A Rhode Island blues band called Young Neal and the Vipers camped out in Cro’s Nest to play a few impressively long sets, and the room looked like a café, complete with a huge buffet of delicious and free southern food (collard greens, grits, mashed sweet potatoes, cornbread, and on and on). The point is that it wasn’t lame. Not even close. But I had no idea it was happening until I stumbled upon it by accident! There was one advertisement on the whiteboard on the first floor of Cro, and the notification was shoved to the bottom of the daily “what’s-happening-on-campus” email, which I’m pretty sure most people ignore in the first place. The Something to Do (S2D) program clearly has good ideas to keep Conn students occupied and entertained, not to mention the resources to make the events happen for free, but routinely falls short when it comes to advertising the events.
I don’t think the problem here is apathy, a catchall phrase that prescribes a lot of problems here. The blues event was well attended, but only in terms of the size of Cro’s Nest. The room was full of people dancing, eating, and hanging out, but there couldn’t have been more than fifty people in the room at any time throughout the night. This is a campus of thousands of students, and I know more kids would have shown up if they’d known about it.

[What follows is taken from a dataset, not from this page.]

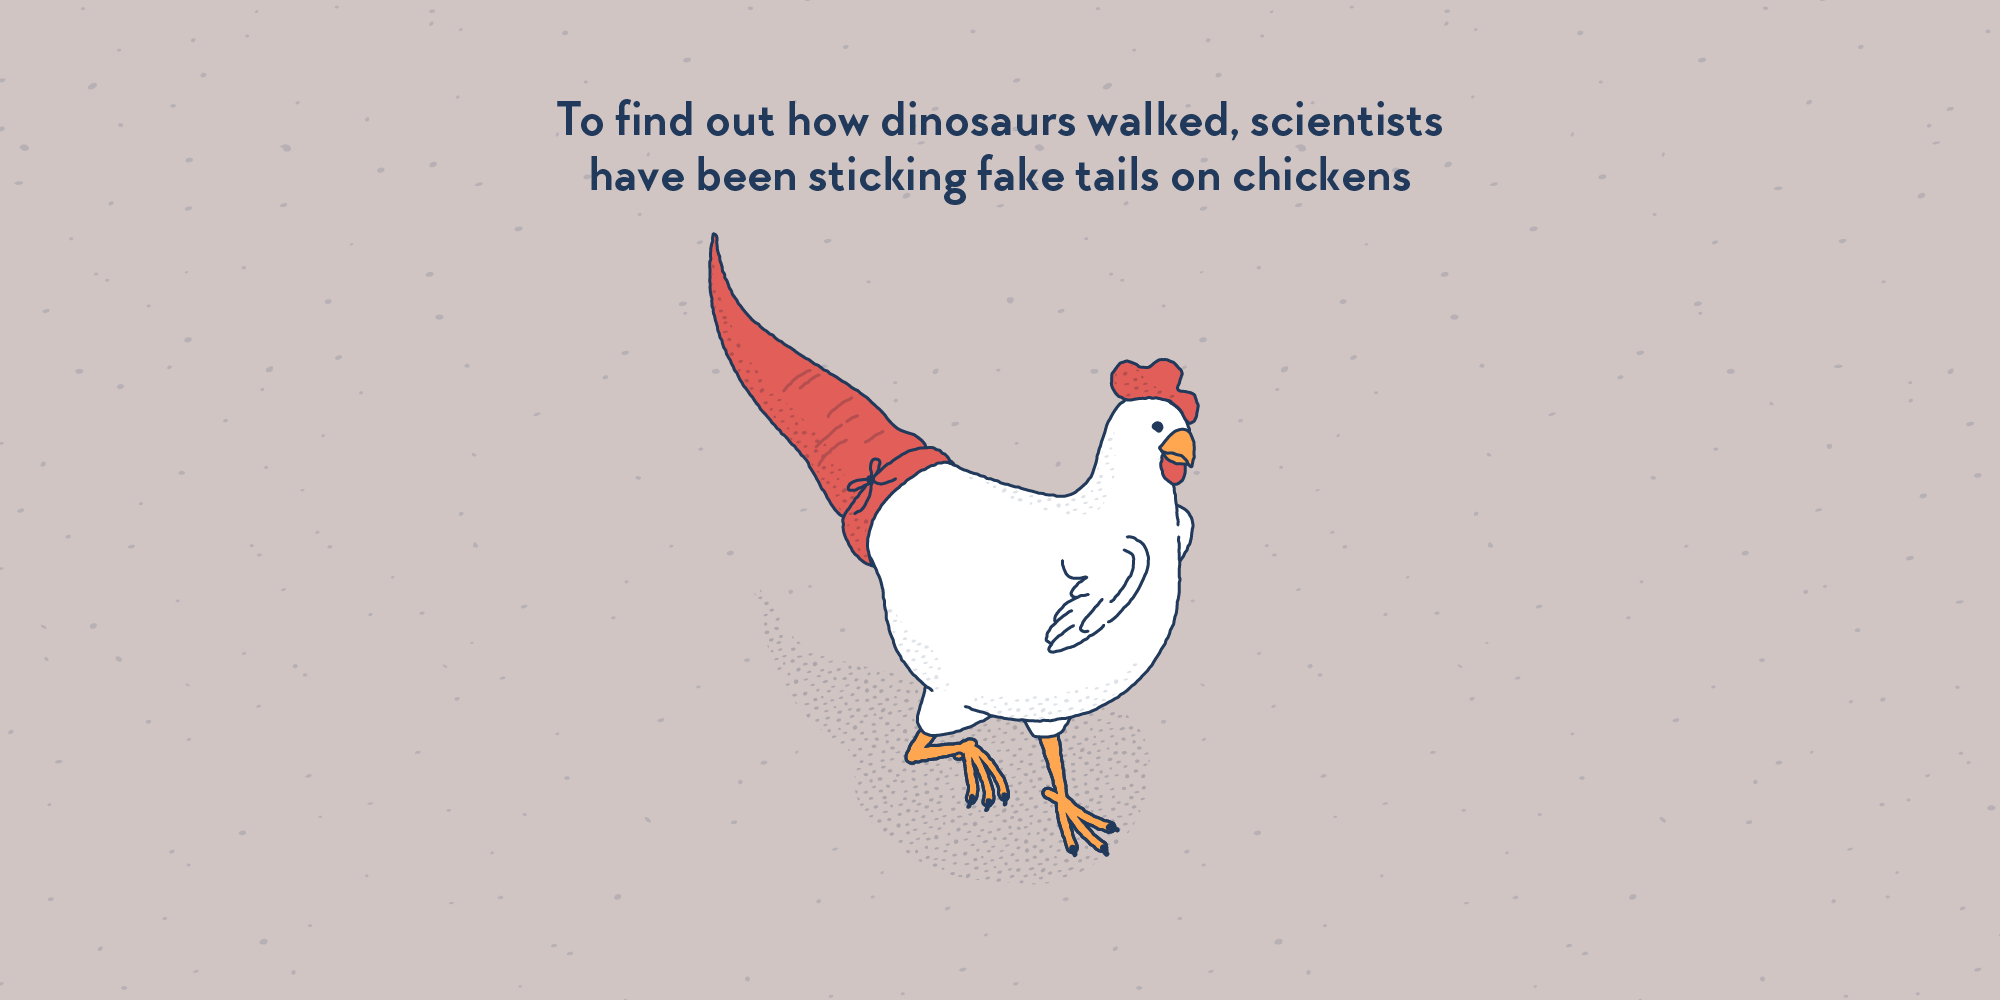 A chicken with a fake T-Rex tail tied behind it.

So, perhaps this is an open letter to the S2D council, and FNL, and SAC, and any other acronymic council that’s listening: advertise. As long as you keep coming up with innovative ideas, there will always be people in attendance, but they’ll only come if they know about it. And if, after advertisement, people still don’t take advantage of events like the blues band, then we have another problem. But “A Taste of the Blues” was the most fun event I’ve been to in recent memory, probably because it differed so much from the usual Thursday night fare. The diversion is more than appreciated, S2D, but you have to let us know it’s happening.